Dimitri ajoute que beaucoup de prêtres viennent de familles musulmanes. Le recteur du séminaire serait le petit-fils d’un mollah, formé à Istanbul. Comment expliquer des conversions interroge le site Provoslavie i mir (L’orthodoxie et le monde) : « C’est la volonté divine. C’est un miracle de Dieu, inexplicable du seul fait de la prédiction », répond Dimitri. 

Missionnaires venus de Turquie 
La grande mosquée de Batoumi est à quelques rues de l’Eglise Saint-Nicolas, à proximité du port. Première constatation : elle est effectivement beaucoup moins fréquentée que le lieu de culte orthodoxe. Malgré tout, certaines publications locales dénoncent un « retour à l’islam soutenu par la Turquie ». Mais durant notre séjour en Adjarie, nous n’avons pas constaté cette « présence islamique turque assez conséquente », due à « l’arrivée massive de missionnaires », notamment des prédicateurs disciples du Turc Süleyman Hilmi Tunahan. 

Le poste frontière de Sarpi, avec la Turquie, n’est qu’à une vingtaine de kilomètres de Batoumi. Si la capitale de l’Adjarie est devenue très majoritairement chrétienne, en revanche, les petits villages dans les montagnes adjares n’ont pas encore renié le Prophète. La bourgade de Khulo, à plus de deux heures de route de la mer Noire, compte une mosquée et une madrasa. Certaines personnes âgées continueraient de parler turc nous a-t-on dit, sans que nous puissions le vérifier.

Un Etat national et orthodoxe 
Pour le visiteur venu de l’extérieur, les deux religions paraissent cohabiter sans heurts. Les Adjares vous indiquent sans réticence les chemins de l’église ou de la mosquée la plus proche. Personne n’évoque d’éventuelles persécutions vis-à-vis des religions minoritaires. Toutefois, ces conversions massives restent un sujet tabou. D’autant que les autres musulmans de Géorgie (autour de 10 % de la population) ne paraissent pas adopter aussi rapidement l’orthodoxie. Notamment les Kistines, une ethnie tchétchène, près de la frontière avec la Tchétchénie et le Daghestan, et les chiites de Géorgie orientale, voisine de l’Azerbaïdjan. 

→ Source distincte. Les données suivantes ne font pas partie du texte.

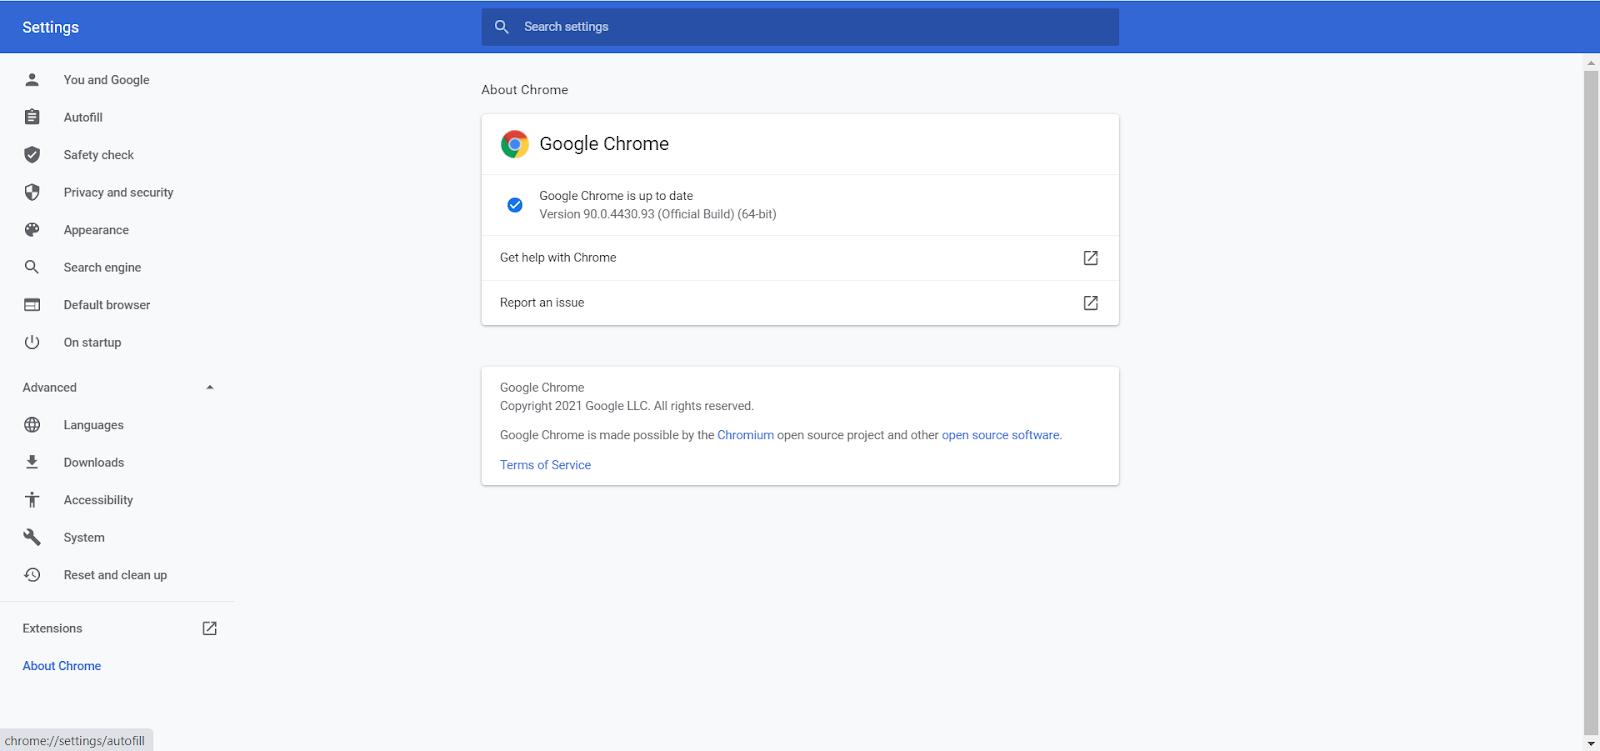 ERR_CACHE_MISS - Chrome Settings

« Il faut comprendre que l’Eglise orthodoxe est un pilier fondamental de notre identité nationale. Dans le passé, nous avons été envahis par tous nos grands voisins, les Perses, les Ottomans, les Russes. S’il n’y avait pas eu le ciment de la religion, il n’y aurait même plus de peuple géorgien », souligne Alina Okkropiridze, ancienne journaliste et traductrice. Après soixante-dix ans d’athéisme d’Etat, au temps de l’URSS, Zviad Gamsakhourdia, le premier président géorgien, a voulu créer un Etat « national et orthodoxe ». Son successeur, Edouard Chevarnadze, ancien ministre des Affaires étrangères de l’URSS, a eu soin « d’annoncer sa conversion à l’orthodoxie, de se faire baptiser et de choisir pour directeur de conscience le patriarche Elie II, à la tête de l’Eglise géorgienne depuis 1977 », rappelle le site suisse Religioscope. 

Démontage d’un minaret 
En clair, depuis deux décennies, le pouvoir, les médias, les partis nationalistes ne cessent de répéter qu’un vrai Géorgien doit être avant tout orthodoxe. Cela suffit-il pour expliquer, comme l’affirme le métropolite Dimitri, « le retour à la foi des ancêtres » des Adjares ? Fin août, dans le district d’Adiguéni, au sud-ouest de la Géorgie, les autorités ont démonté un minaret sous prétexte que les droits de douane n’avaient pas été acquittés pour les matériaux de construction. Des musulmans qui s’opposaient à la destruction de l’édifice ont été arrêtés. « Une façon peu “orthodoxe“ d’agir qui n’a pour finalité que l’exil du peuple musulman », dénonce un site local dans un article intitulé « Géorgie : le minaret de la discorde ».